> **Work instruction**
Return all the lines below exactly. Any picture among them is omitted.

> **Collected data**

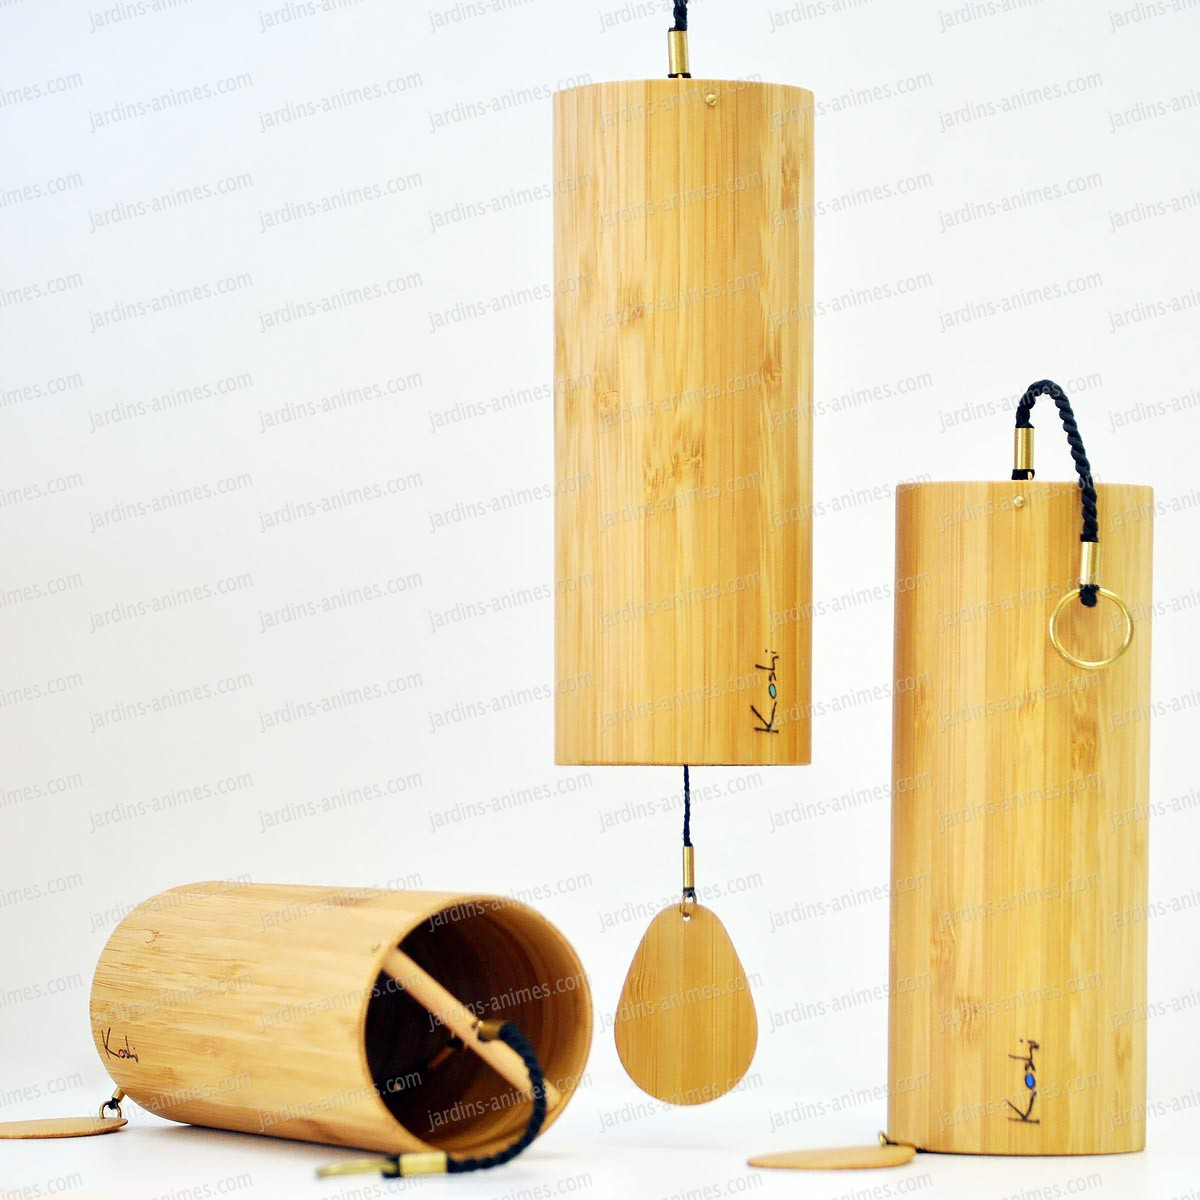 carillon koshi carillons zen et feng shui. Black Bedroom Furniture Sets. Home Design Ideas
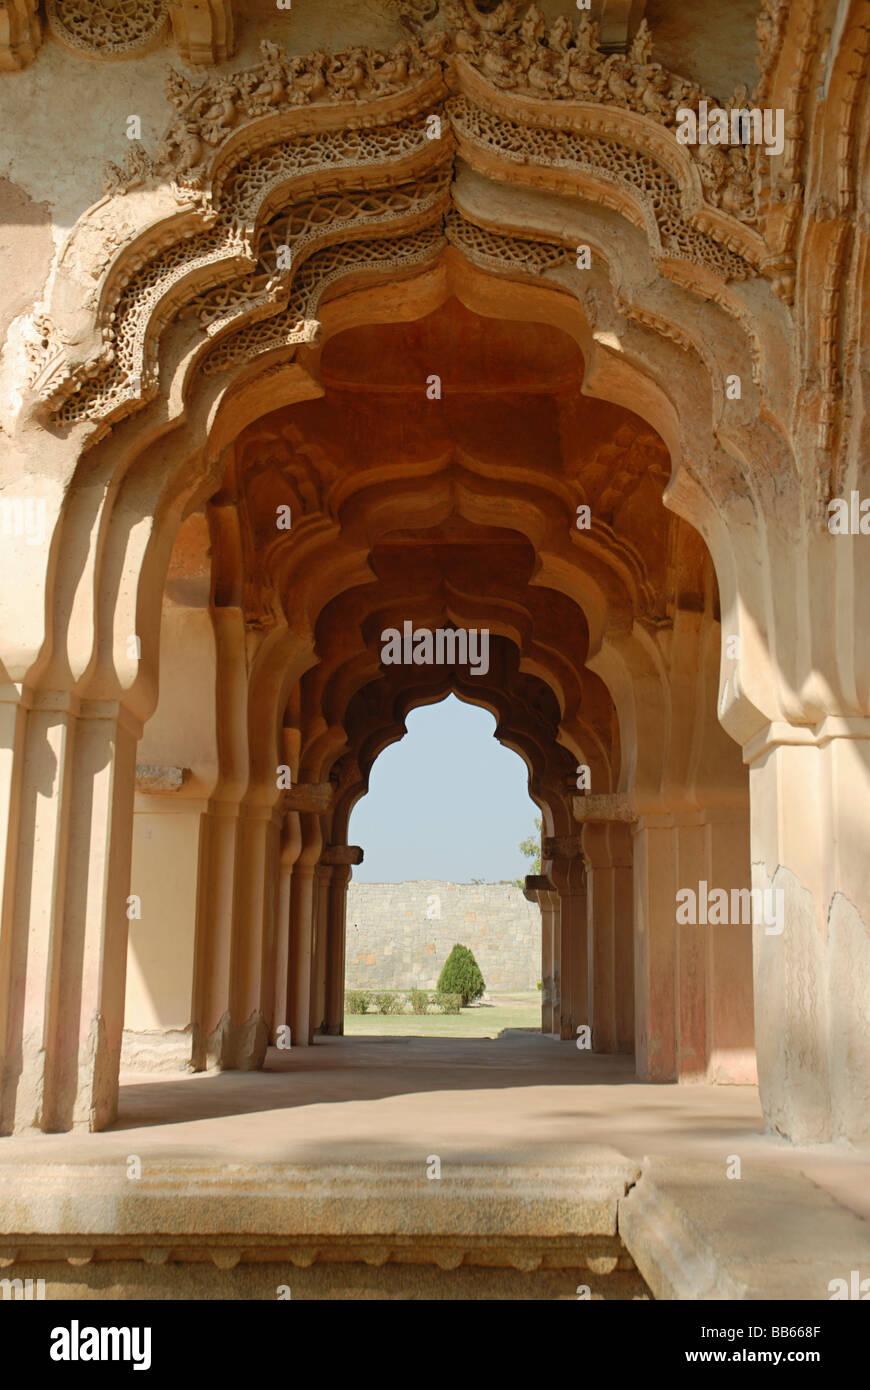 Hampi - Karnataka - Lotus Mahal View of the recessed & foliated arches. - Stock Image
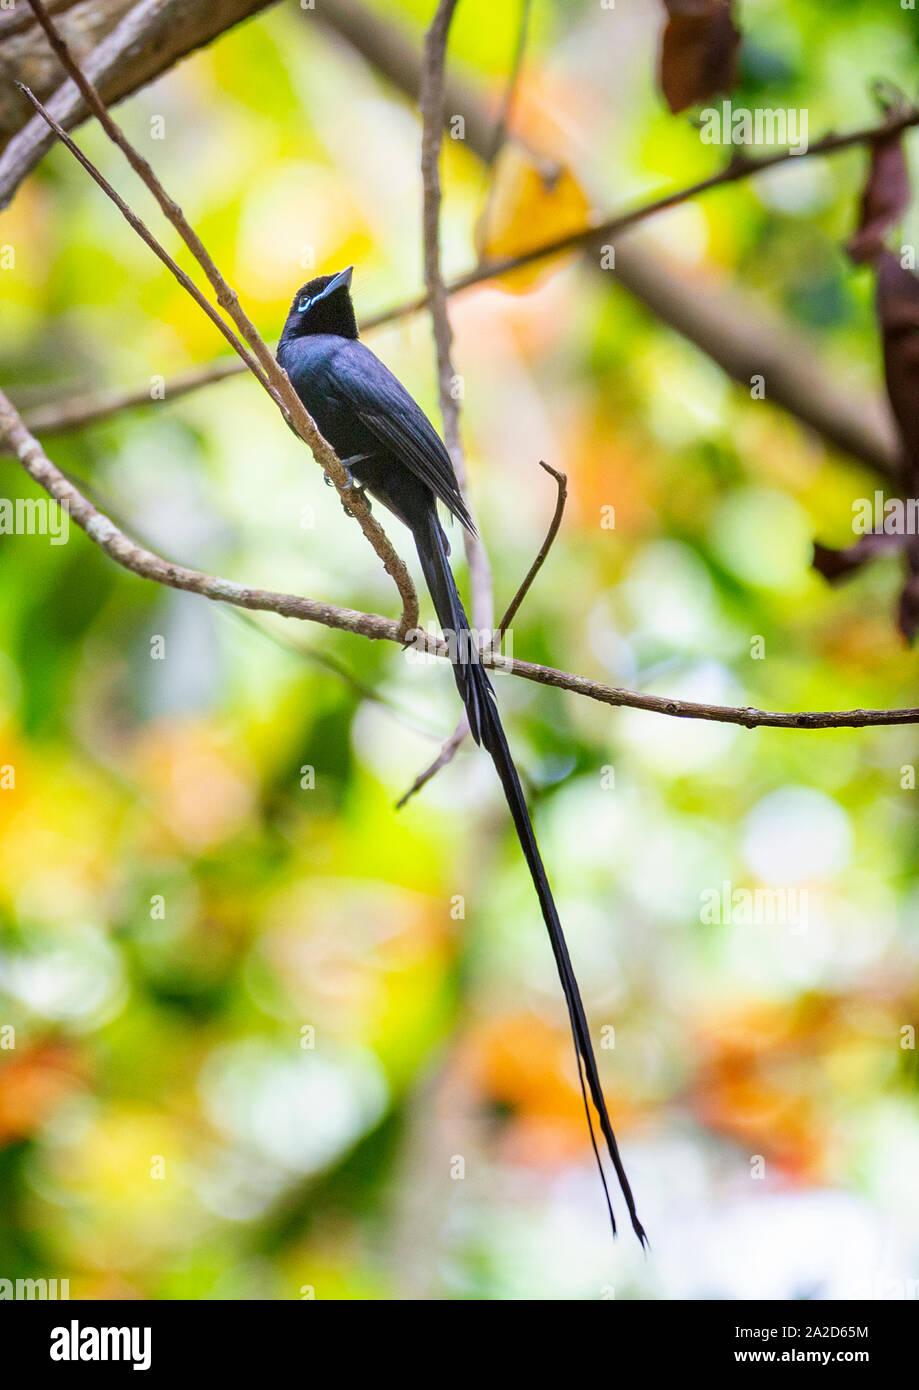 Male Seychelles Paradise Flycatcher, La Digue, Seychelles Stock Photo

> **Task solution**
 carillon koshi carillons zen et feng shui. Black Bedroom Furniture Sets. Home Design Ideas
 Hampi - Karnataka - Lotus Mahal View of the recessed & foliated arches. - Stock Image
 Male Seychelles Paradise Flycatcher, La Digue, Seychelles Stock Photo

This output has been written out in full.